> [WORK TO BE COMPLETED]: From the first line to the last, restate the data exactly, leaving out the images.

> [SUPPLIED MATERIAL]:
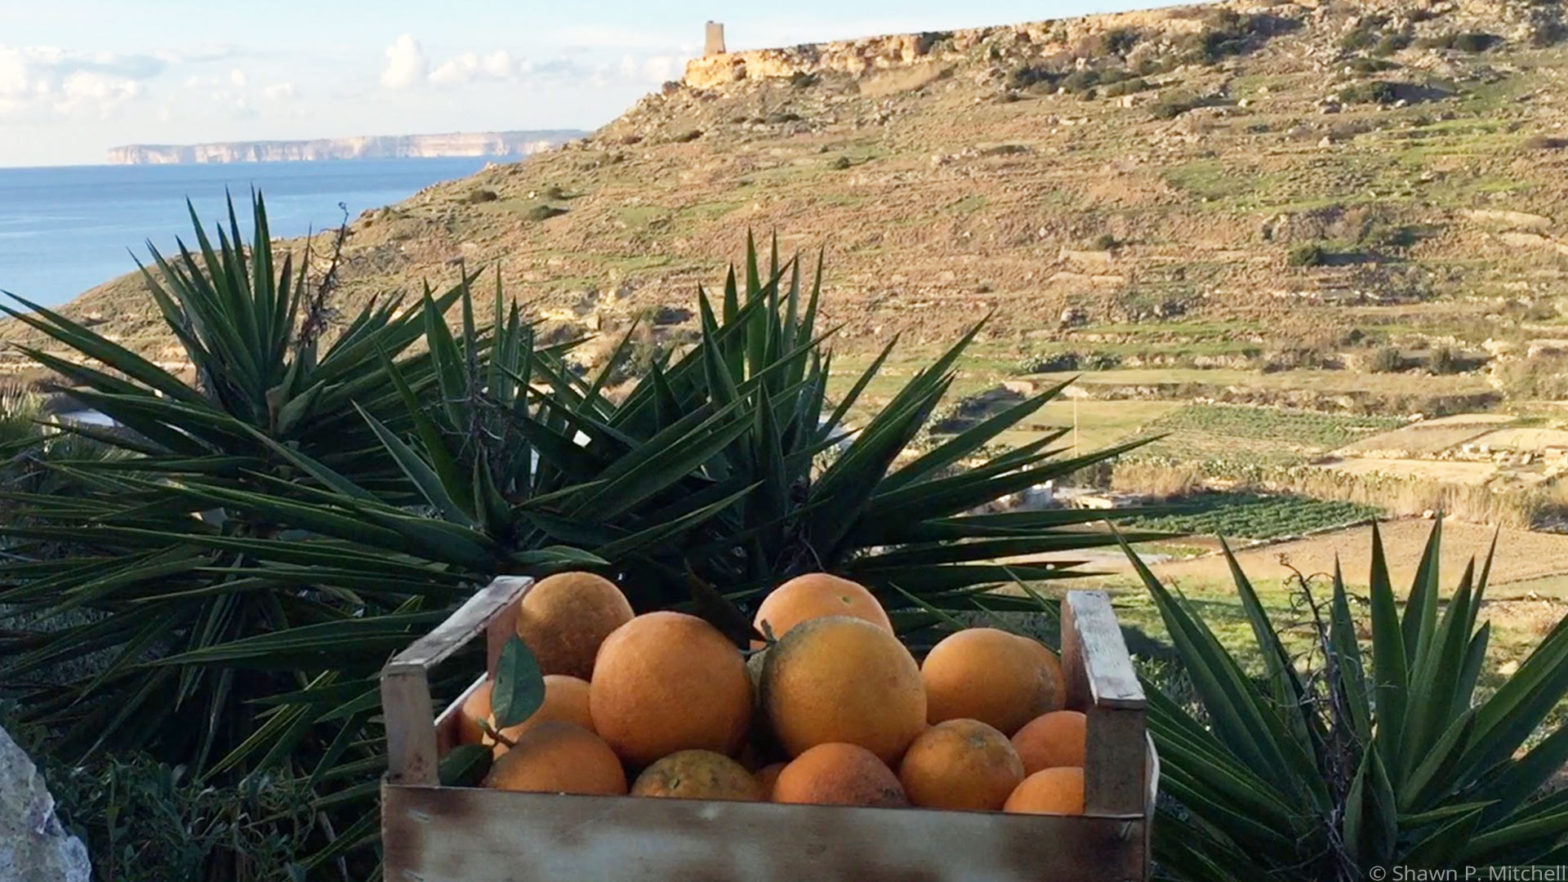 A wooden box of freshly harvested oranges in Malta.
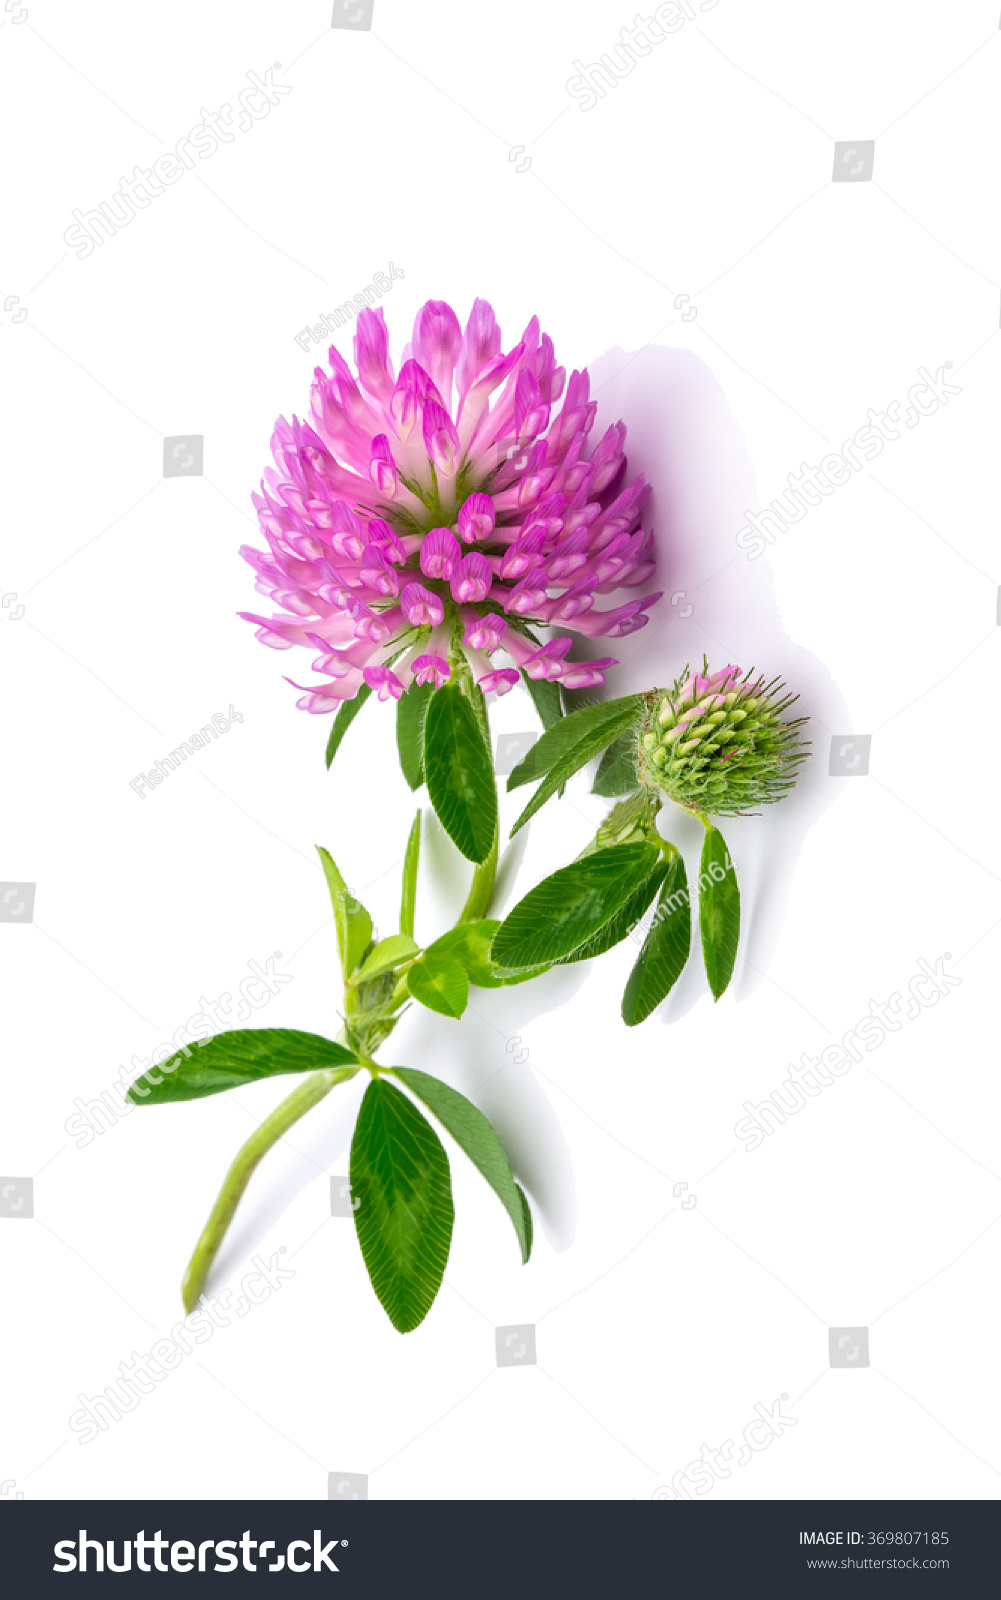 clover flowers isolated on white background #369807185
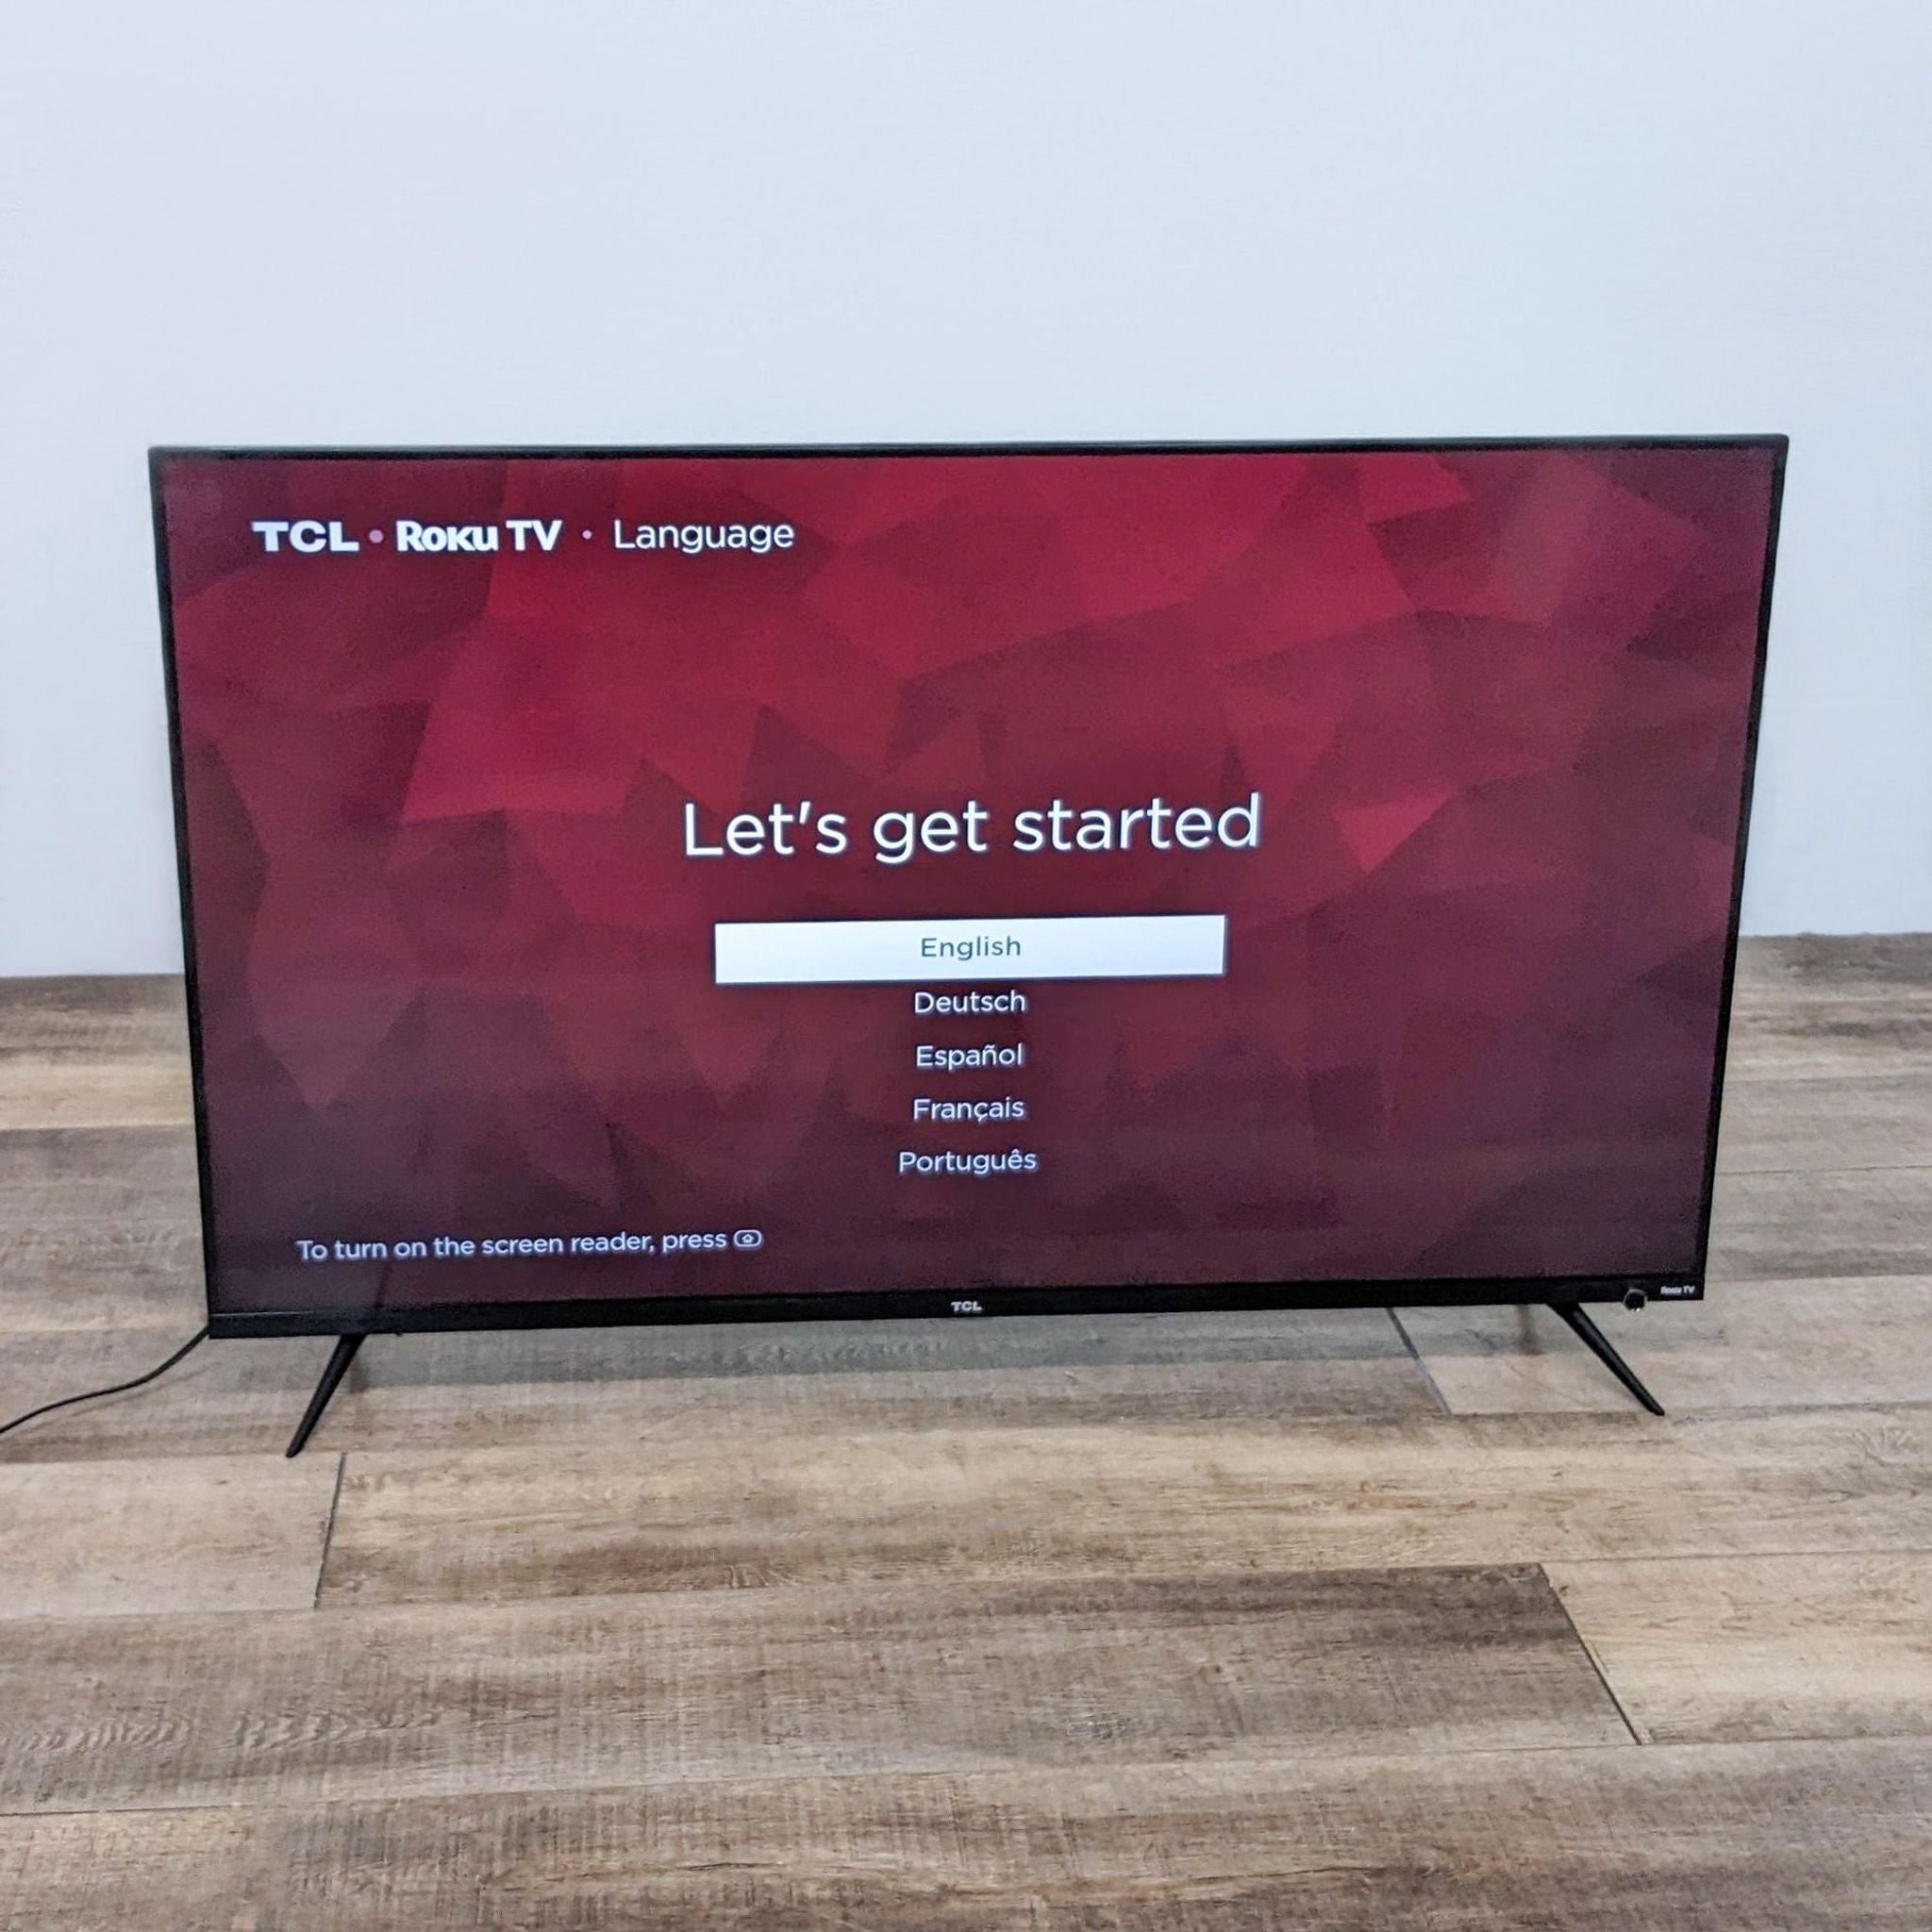 2. TCL 55S525 Roku TV powered on showing a "Let's get started" setup screen with language options, on a wooden floor.

> [THE ANSWER]:
 A wooden box of freshly harvested oranges in Malta.
 clover flowers isolated on white background #369807185
 2. TCL 55S525 Roku TV powered on showing a "Let's get started" setup screen with language options, on a wooden floor.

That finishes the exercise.